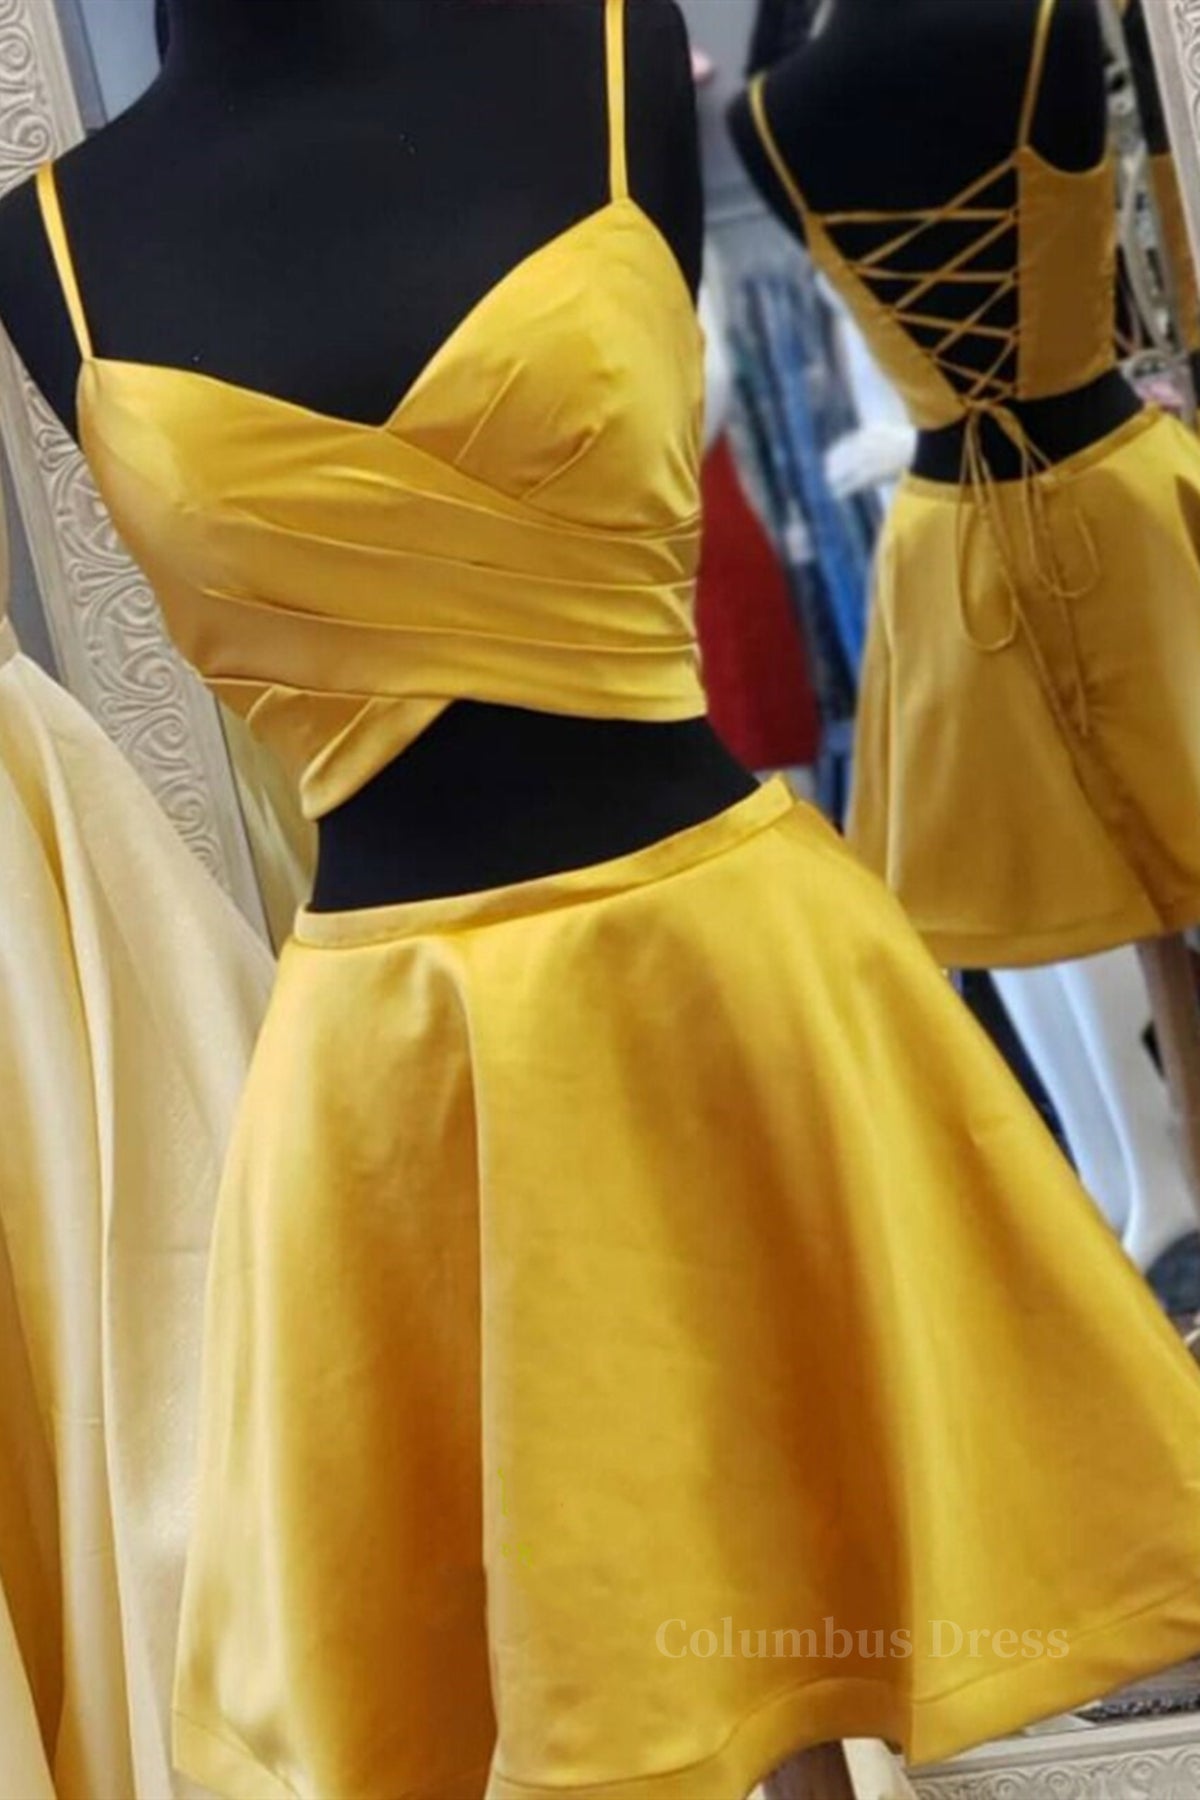 Formal Dresses Australia, Two Pieces Short Yellow Prom Dresses, Short Yellow 2 Pieces Formal Homecoming Dresses
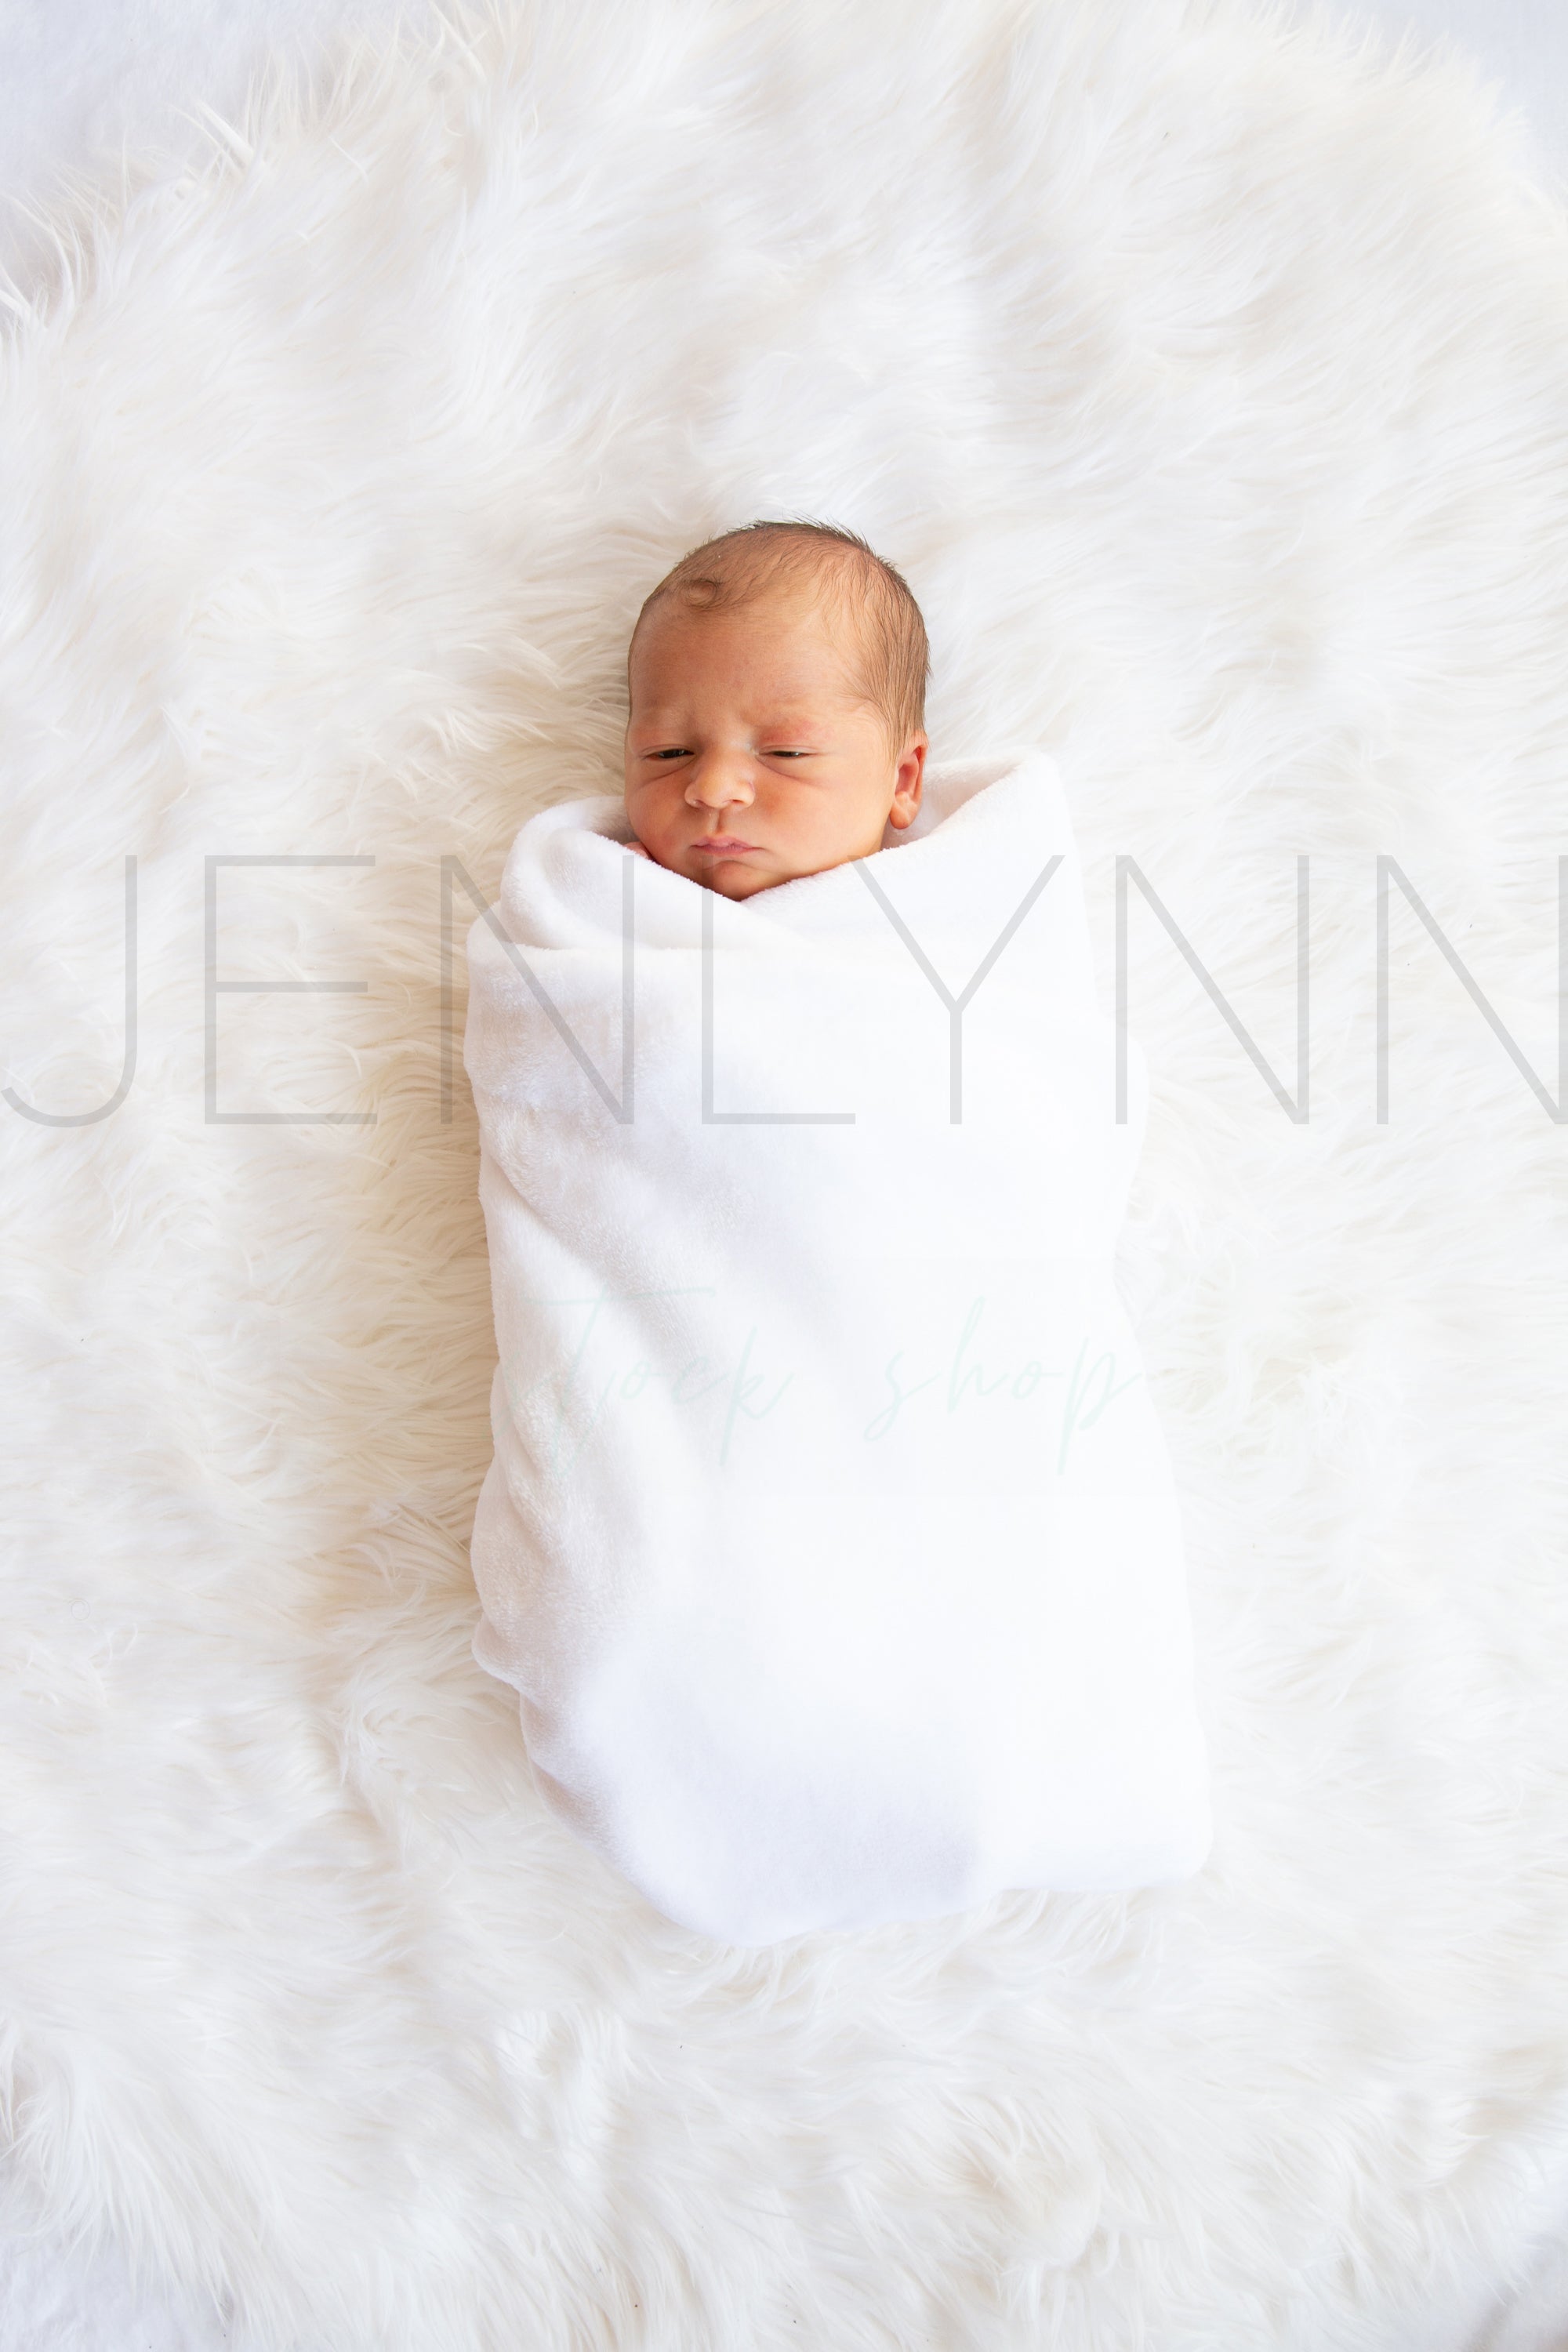 Minky Baby Blanket on Baby Boy Mockup #JZ23 PSD
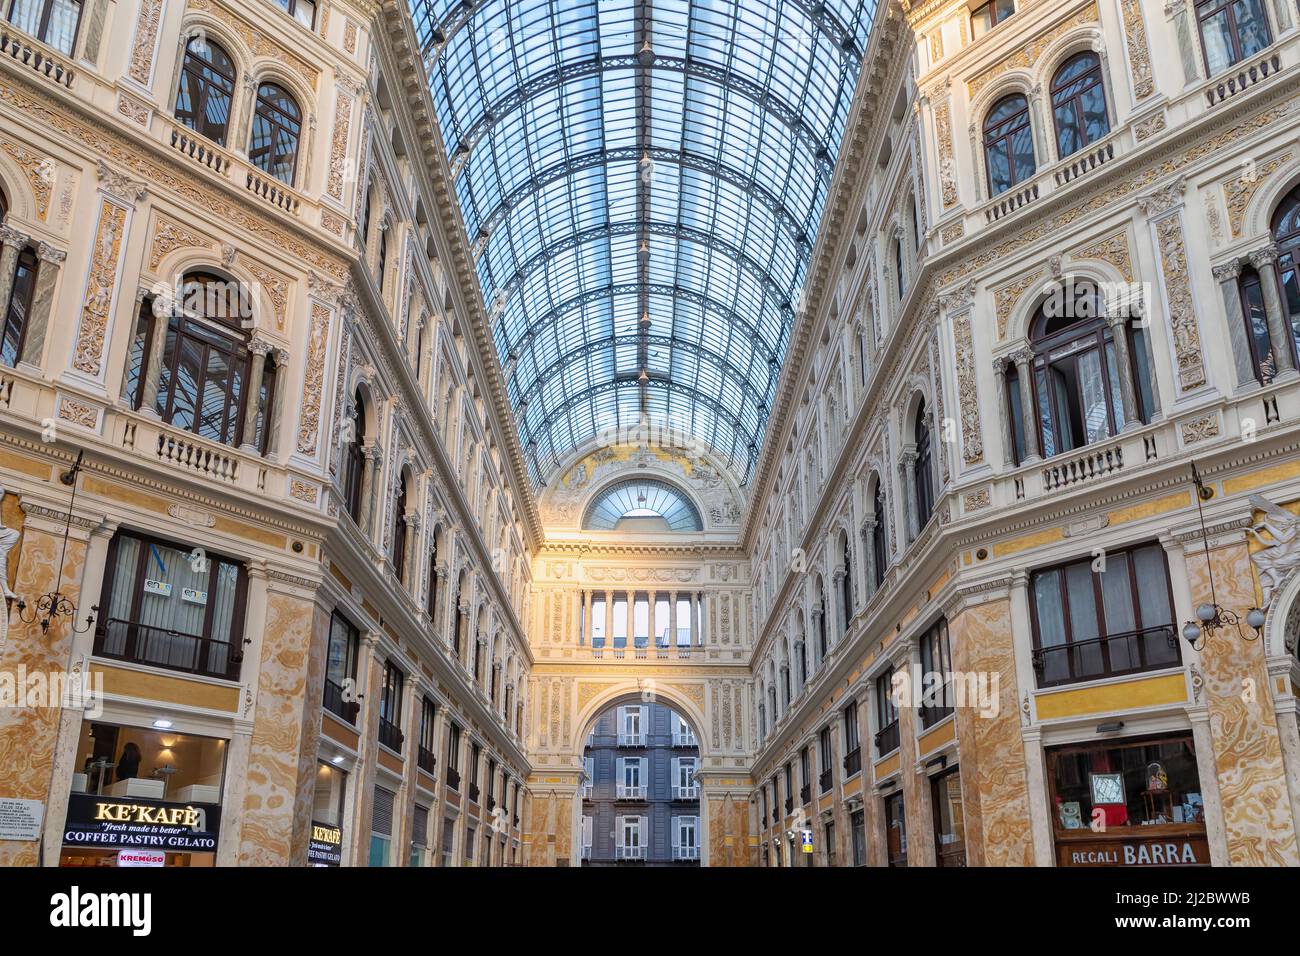 Nápoles, Italia - 24 de marzo de 2022: La galería Umberto I vista desde el interior, después de la reciente restauración. La galería comercial fue construida en Nápoles b Foto de stock

·····

§ ASSIGNMENT
Copying starts at the line containing "Minky Baby Blanket" and ends at the last line of the material above; repeat only those lines exactly and omit the pictures.

§ ANSWER
 Minky Baby Blanket on Baby Boy Mockup #JZ23 PSD
 Nápoles, Italia - 24 de marzo de 2022: La galería Umberto I vista desde el interior, después de la reciente restauración. La galería comercial fue construida en Nápoles b Foto de stock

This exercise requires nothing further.